Я была довольна нашим разговором. Я постояла за себя, я проявила чувство юмора, и Джордж не забудет купальники (в которых девочки радостно лягут спать, потому что он наверняка забудет пижамы). Но неугомонный бес у меня в голове – тот, чей голос стал мне родным за многие годы разговоров об обязанностях женщин и их месте в семье, – не давал мне покоя: ты к нему несправедлива. Он ведь их увозит, как ты и хотела. Что тебе стоит собрать пару вещей? Они едут всего на одну ночь. Это займет не больше тридцати секунд. Что в этом страшного?! Я беру iPad, несколько игрушек и кладу их в сумку – подношение моему внутреннему бесу и моему мужу, к которому я больше всего на свете хочу быть справедливой.

Я этого не ожидала

В 2003 году, когда мне было тридцать, моя подруга Таня родила первенца. Она была на несколько лет старше, и – поскольку речь идет о Нью-Йорке, городе с высоким средним возрастом рождения первого ребенка – стала первой из моих местных знакомых, у кого родился ребенок. А еще через несколько месяцев стала первой из моих знакомых мамой, которая вышла на полный рабочий день. И первой, с кем я потеряла связь из-за ее плотного графика. Каждые полтора месяца мы пытались встретиться, и нам это ни разу не удалось. Наконец Таня позвонила и сказала – так, будто это само собой разумеется, – что она больше не сможет приезжать на совместные ужины, потому что ее муж неспособен посидеть с малышом и одного вечера. Работа Джона заключалась в том числе в налаживании дружеских связей с клиентами, и я знала, что вечерами Таня часто остается с сыном одна. «Если ты можешь, почему он не может?» – спросила я. Она запнулась, прежде чем ответить: «Он не захочет». Я спросила почему. В общем, разговор не получился. Меня удивило и возмутило, что она позволяет мужу выходить сухим из воды и отказываться от ответственности. Работали они оба. Почему же дома они не были равноправными партнерами? Разумного объяснения этому просто не находилось.

А конец этой истории до ужаса банален. Достаточно сказать, что шесть лет спустя я и мой муж сами стали родителями. И мы были счастливы – все тщательно спланировали и исполнили без сучка без задоринки. Но уже вскоре после рождения нашей первой дочери я вспомнила, в какое тяжелое положение попала Таня, – теперь точно в таком же положении оказалась я сама. И не только я, а большинство работающих матерей на нашей зеленой окраине Квинса, где в семьях, как правило, работают оба родителя. Как и я, женщины, с которыми я познакомилась, когда возила детей в детский сад и на детскую площадку, работали на полную ставку и, как я, сразу после родов взяли на себя основной груз домашних забот, о которых раньше и не задумывались.
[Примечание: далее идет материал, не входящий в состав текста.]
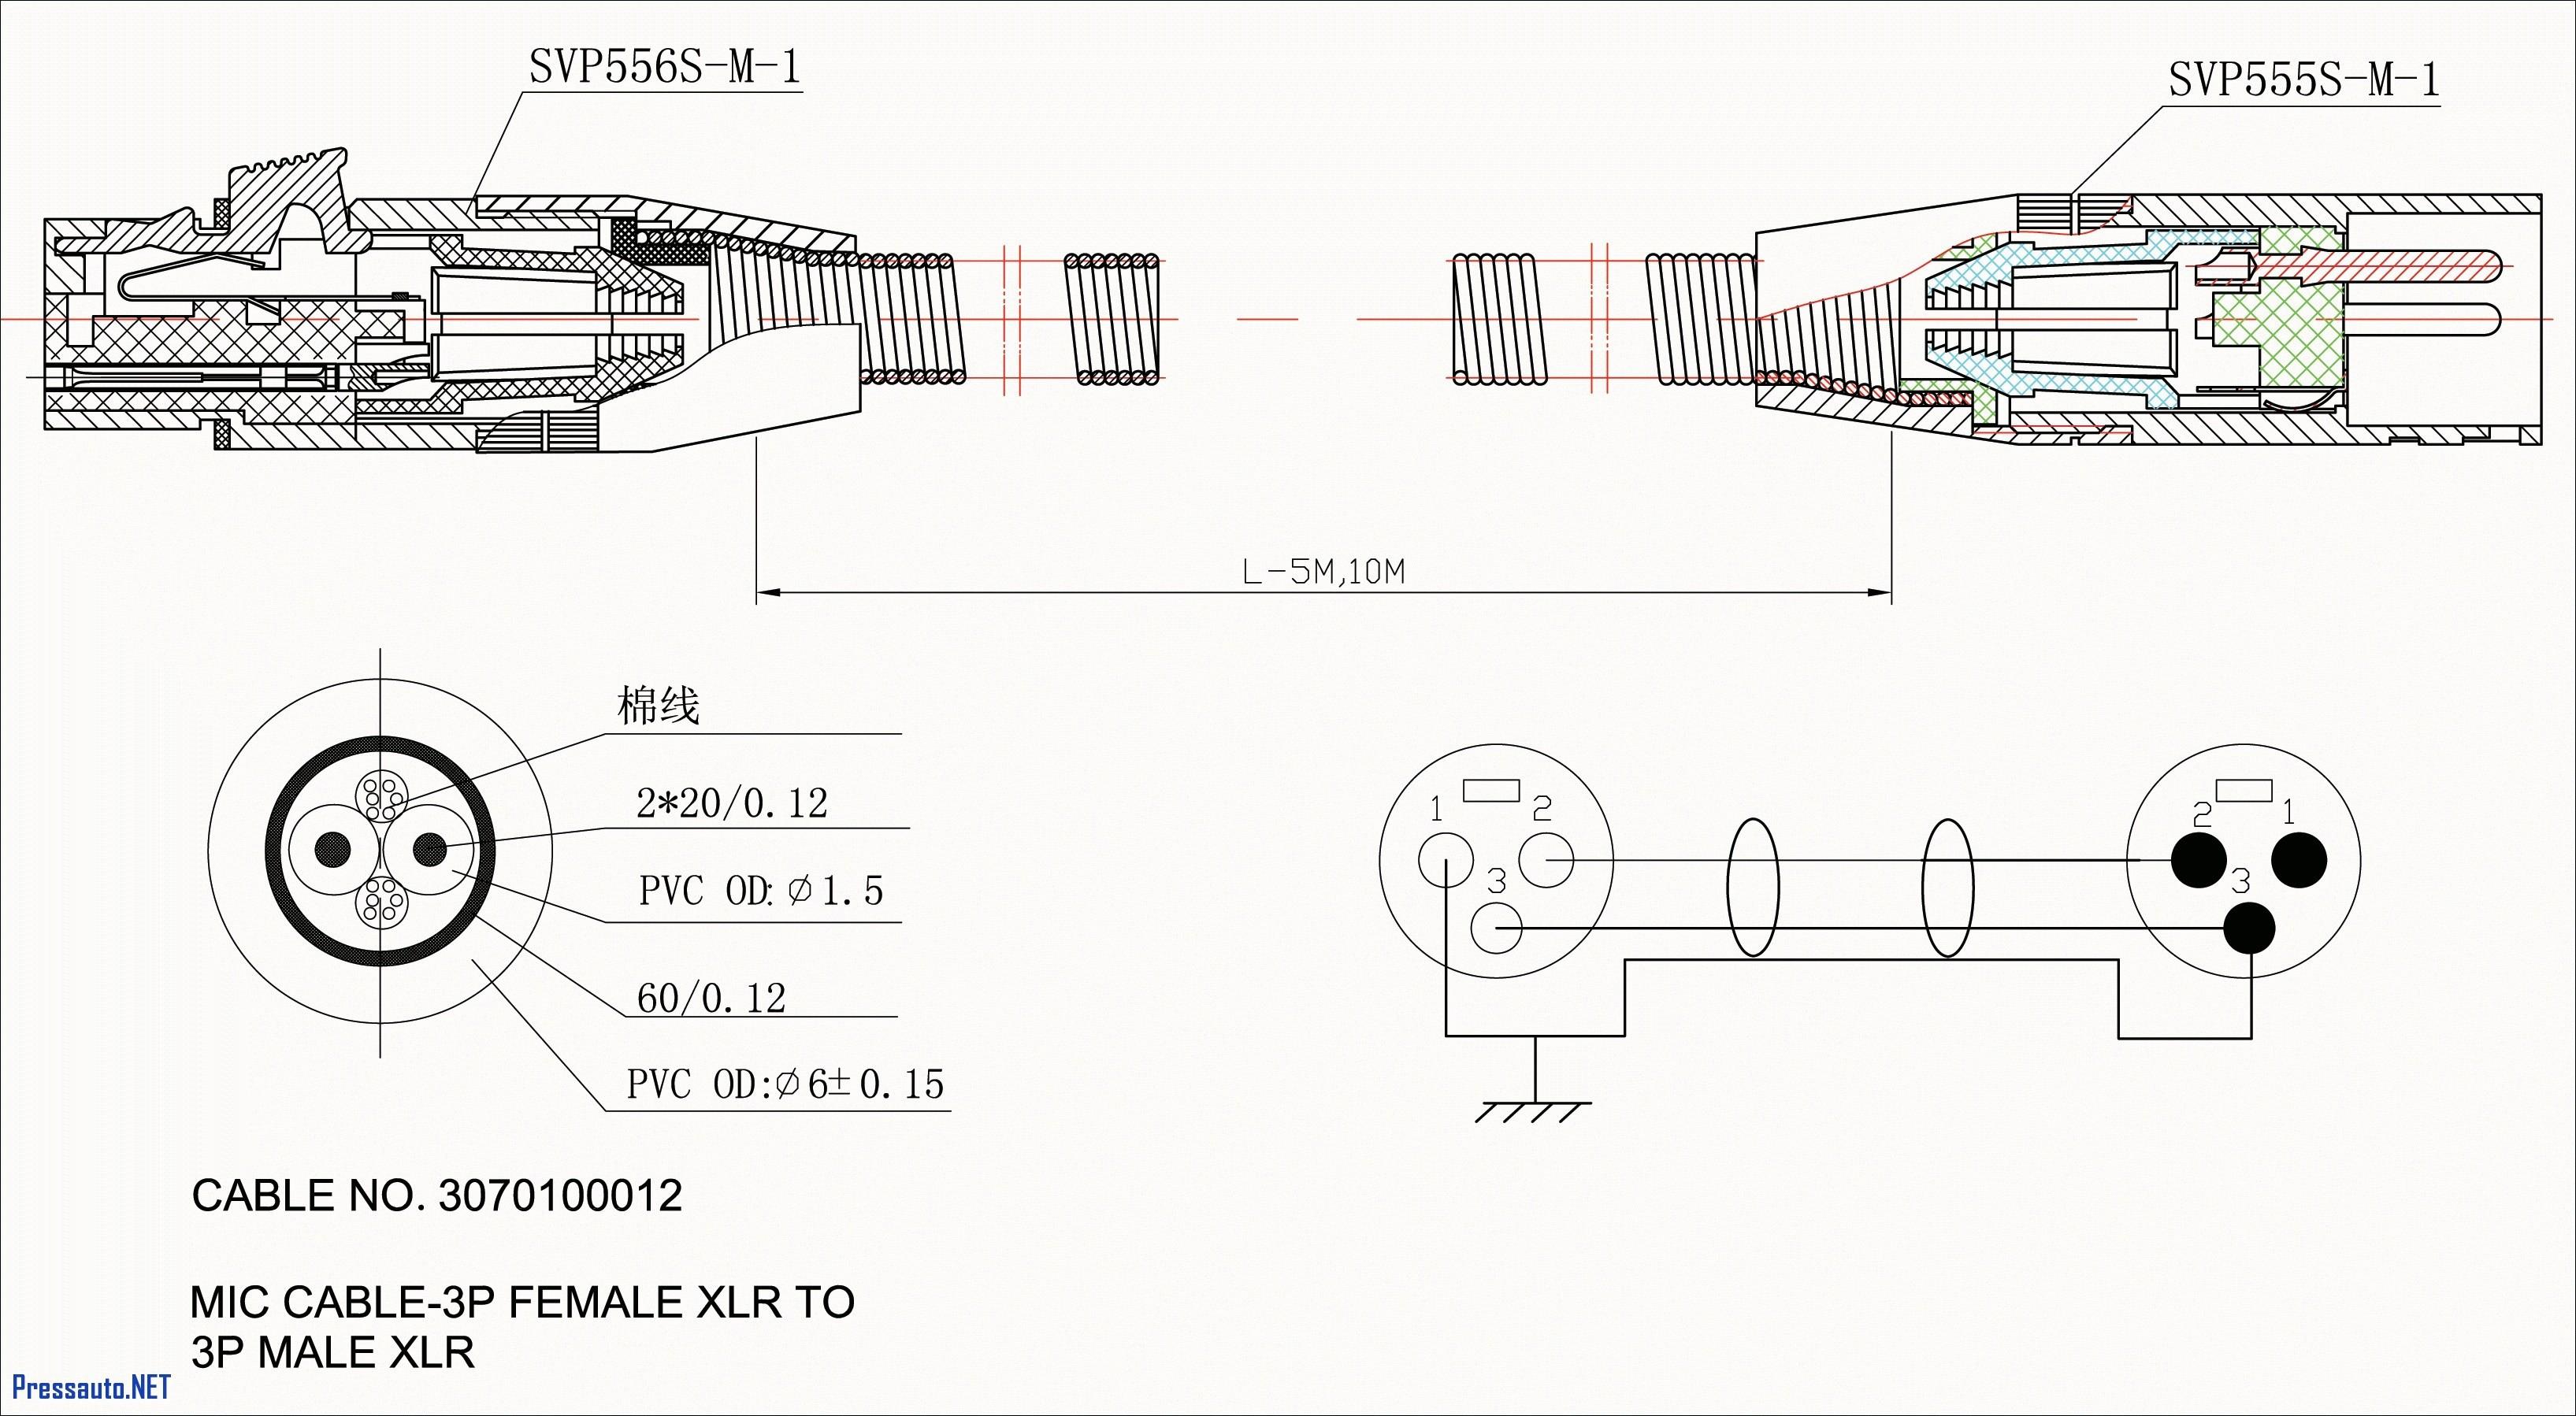 7 Way Trailer Plug Wiring Diagram 7 Wire Trailer Plug Diagram New ford F 150 Lights Wiring Harness Of 7 Way Trailer Plug Wiring Diagram

Я замечала это не только среди знакомых, но и среди своих пациенток (поскольку я психотерапевт). В своем офисе между Челси и Мидтауном[2] я наблюдала, как это начинается еще с беременности. На сроке в двадцать восемь недель, в удобной офисной одежде, какая-нибудь клиентка отмечает с некоторым удивлением и зарождающимся раздражением: «Джейсон очень хочет выбрать самую лучшую коляску для нашего малыша, но он почему-то считает, что поисками должна заниматься я». Я сидела, прикусив язык, потому что моя первая реакция на эти слова была недоброй и чересчур циничной. В голове крутилось: «Вот так это и начинается».
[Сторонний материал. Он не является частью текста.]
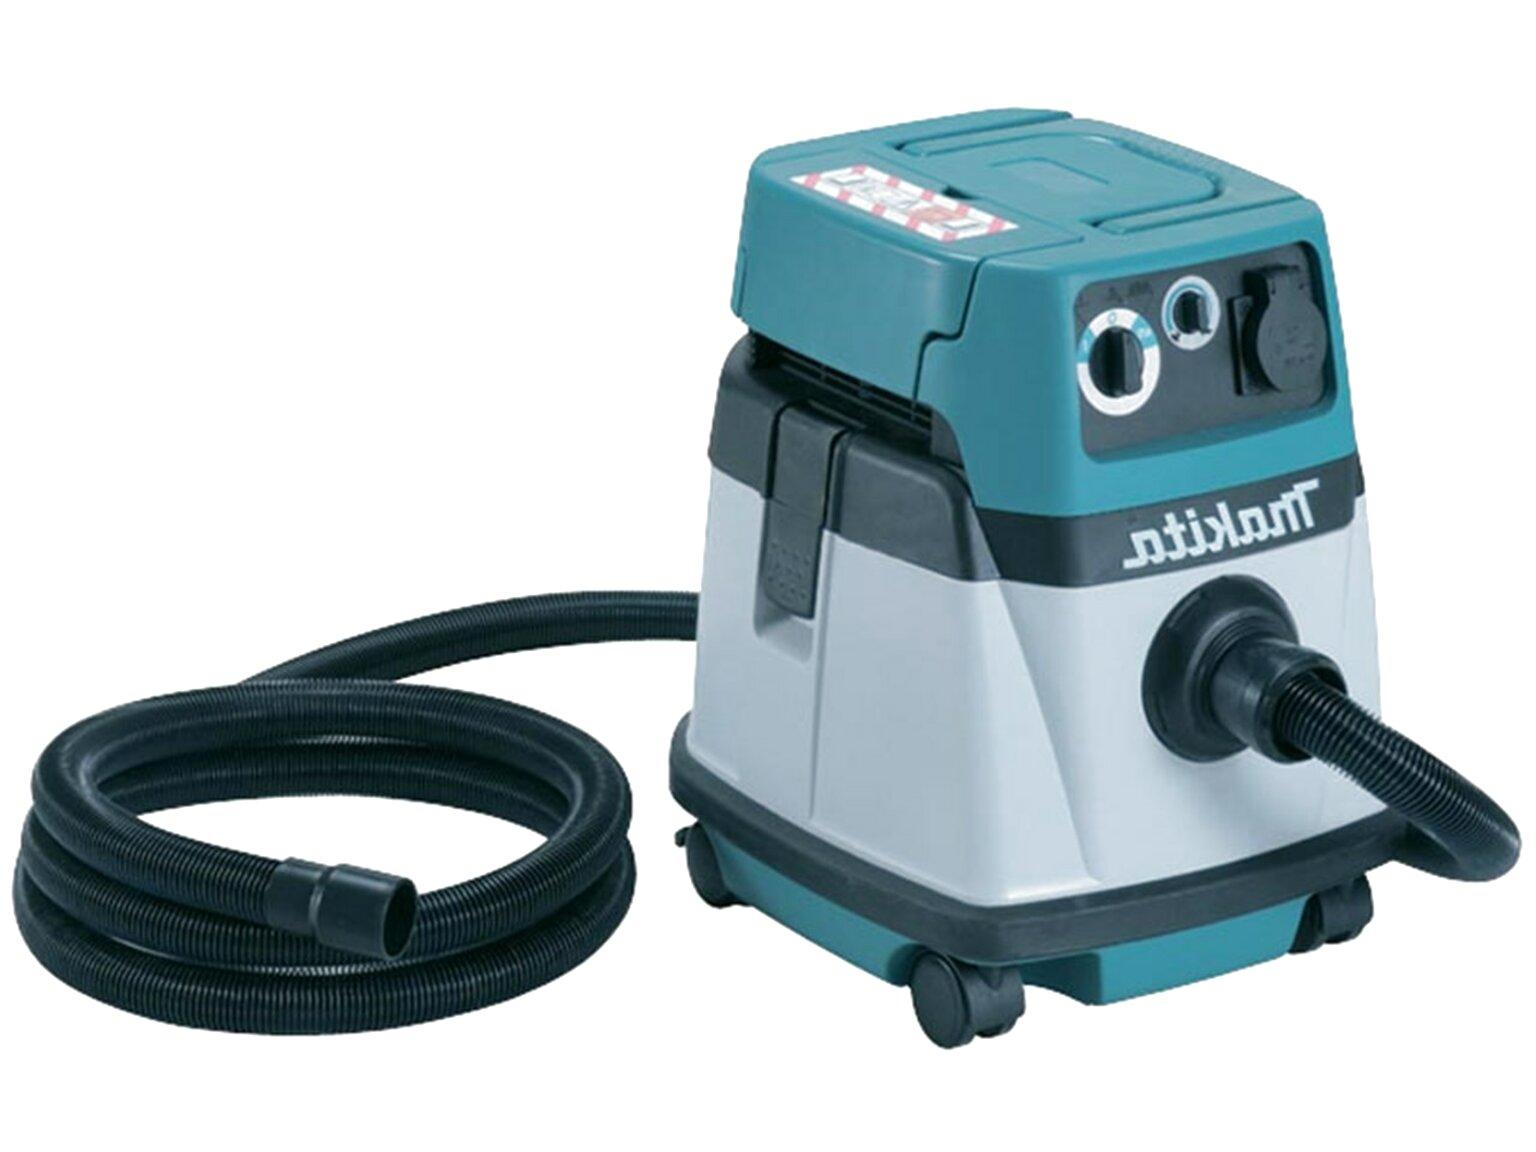 110v vacuum for sale

Вот как это началось у меня. Первый раз я поругалась с мужем из-за общих родительских обязанностей, когда нашей дочери Лив еще и месяца не исполнилось. Я была в так называемом декрете – восемь неоплачиваемых недель отпуска из клиники, где я проходила практику в докторантуре. Джордж, с которым я познакомилась в аспирантуре, работал психологом в полицейском управлении Нью-Йорка – штатная должность с хорошим соцпакетом и графиком с девяти до пяти. Я наслаждалась декретом примерно так же, как любой человек, который пытается подстроиться под график сна новорожденного, да еще когда молоко в груди застаивается. Поскольку днем времени у меня не было, я проходила тренировочные онлайн-тесты, готовясь к экзаменам на лицензию психолога, пока Лив спала. А еще несколько раз, когда стояла чудесная осенняя погода, мы с ней встретились с друзьями, которые в свой обеденный перерыв устроили небольшой пикник в Брайант-парке. Моему мужу все это казалось настоящим гедонизмом. Он тоже уставал – просиживал в крошечном офисе без окон, где проводил собеседования с кандидатами в полицейские по семь с половиной часов в день.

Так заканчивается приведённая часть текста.